Belle Banishing the Beast (and why she shouldn’t have)

Over Christmas, I was thinking about watching some Once Upon a Time. It just feels like a Christmas sort of show. Having watched most of the series three times, “once upon a time” as a title doesn’t express the half of it. I’ve watched it over with people just seeing it for the first time, and when I do, as it comes to a familiar part or a favourite character’s appearance, I get thinking about events as they happen and inadvertently put things together I hadn’t noticed before. One such thing I noticed is that when Belle throws Rumplestiltskin out of town, her justification just doesn’t stand up to scrutiny.

In season four, Rumplestiltskin is in the process of trying to cleave himself from the dagger that holds his magic so that he will no longer be bound to it, but still retain his power. Not a bad idea, because the only way to get rid of both dagger and power is for someone else to kill him and take it, potentially posing a worse threat without the checks of love and experience that Rumple placed upon his powers. No hero would entertain that as an option, so his scheme seems like the better road to take. Unfortunately, as is often the case with Rumple, he pursues this path by sneaking around, trapping magical people for fuel, and generally lying to everyone. He blackmails Killian Jones (Captain Hook) into helping with it, ultimately to provide the heart necessary for the procedure and die in the process. It is all rather nefarious, and I do not presume to condone Rumple’s actions. However, when Belle discovers Rumple’s plan and confronts him, she doesn’t berate him for any of the things I’ve just listed as unacceptable–hurting people and intent to kill Hook–but instead hangs her whole argument on the assumption that he loves his power more than he loves her. (She justly brings up his frequent deceit, but even this she barely cites as a reason in favour of what she thinks is evidence that he loves his power more than her.)

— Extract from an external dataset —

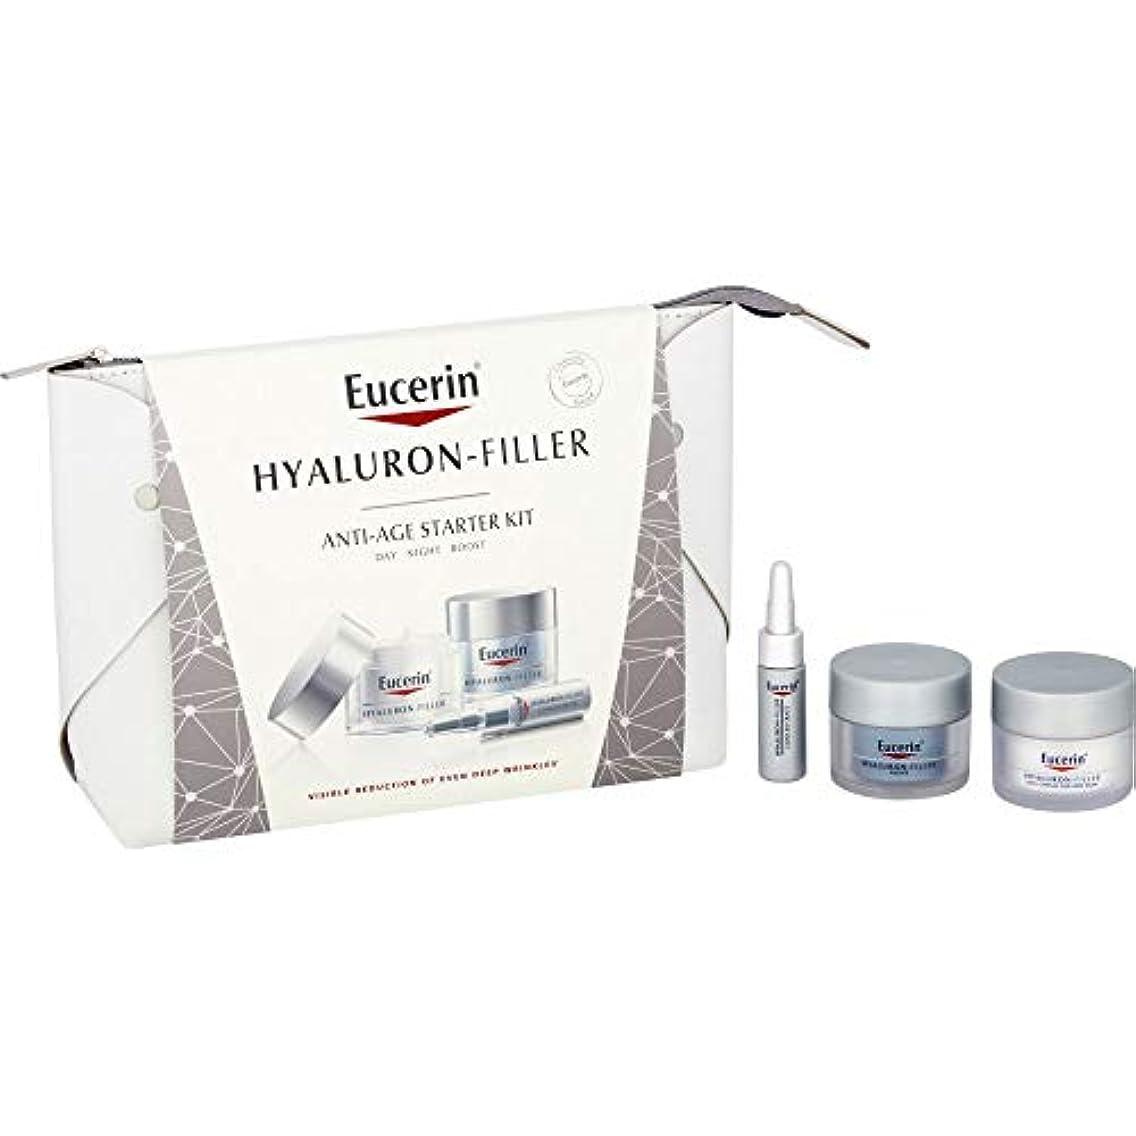 会話型コールドにぎやか[Eucerin] ユーセリンのヒアルロンフィラー抗加齢スターターキット - Eucerin Hyaluron-Filler Anti-Age Starter Kit [並行輸入品]

Her evidence is that a magic gauntlet led her to the real dagger. Belle says that the gauntlet leads to what a person loves most, but that is not what it does. Rumple said the gauntlet has “a very specific power: it can locate anyone’s greatest weakness” (OUAT S5, Ep.12, 5:23). Full stop. Then Rumple goes on to say, “for almost everyone, that weakness is the thing they love most” (5:46). Rumple inferred from past experience that almost everyone’s weakness is what they love most, but not everyone’s. Belle mistakenly equates Rumple’s weakness with the thing he loves most. Nobody–but nobody–would contest that the dagger isn’t Rumple’s greatest weakness; look what happened in the previous season: a witch got possession of it and enslaved him to do her bidding, including hurting people he cared about. But is it his greatest love? Maybe once, when he was so enamoured of it that he chose it over his own son, but now he’s willingly released his hold on it first to Neal and then to Belle; the dagger and the power it represents is losing its grip on Rumple’s heart. At this point, he is trying desperately to get rid of it once and for all–keeping the power, yes, but, as he says to Belle, there’s nothing wrong with power. Let’s not forget that part of his motivation for this whole debacle (the greater part, I would argue) is to be able to leave Storybrooke with Belle to give her the kind of life she’d always dreamed of–the only possible way he can do that is with his power intact but the dagger gone. Does that sound like he loves his power more than he loves her? He’s risking everything to give her everything.

Belle undeniably found Rumple’s greatest weakness when she found the dagger, but she didn’t find his greatest love. Another thing Rumple has said about love is that there is nothing stronger.

Image result for rumple true love

I think the entire series confirms that Belle and Rumple’s love is true love–their kiss would have broken the Dark One curse in season one if Rumple would have accepted it then. Belle looked in the wrong place for Rumple’s greatest love; she should have been looking for his greatest strength, not his weakness. If she would have thought about it, she would have realised that his greatest strength is her; she is the reason for the majority of Rumple’s greatest moral triumphs. Her love for him, and his for her, is the strongest thing about their relationship. Unfortunately, she missed that and gave up for a while on the best thing Rumple ever had going for him.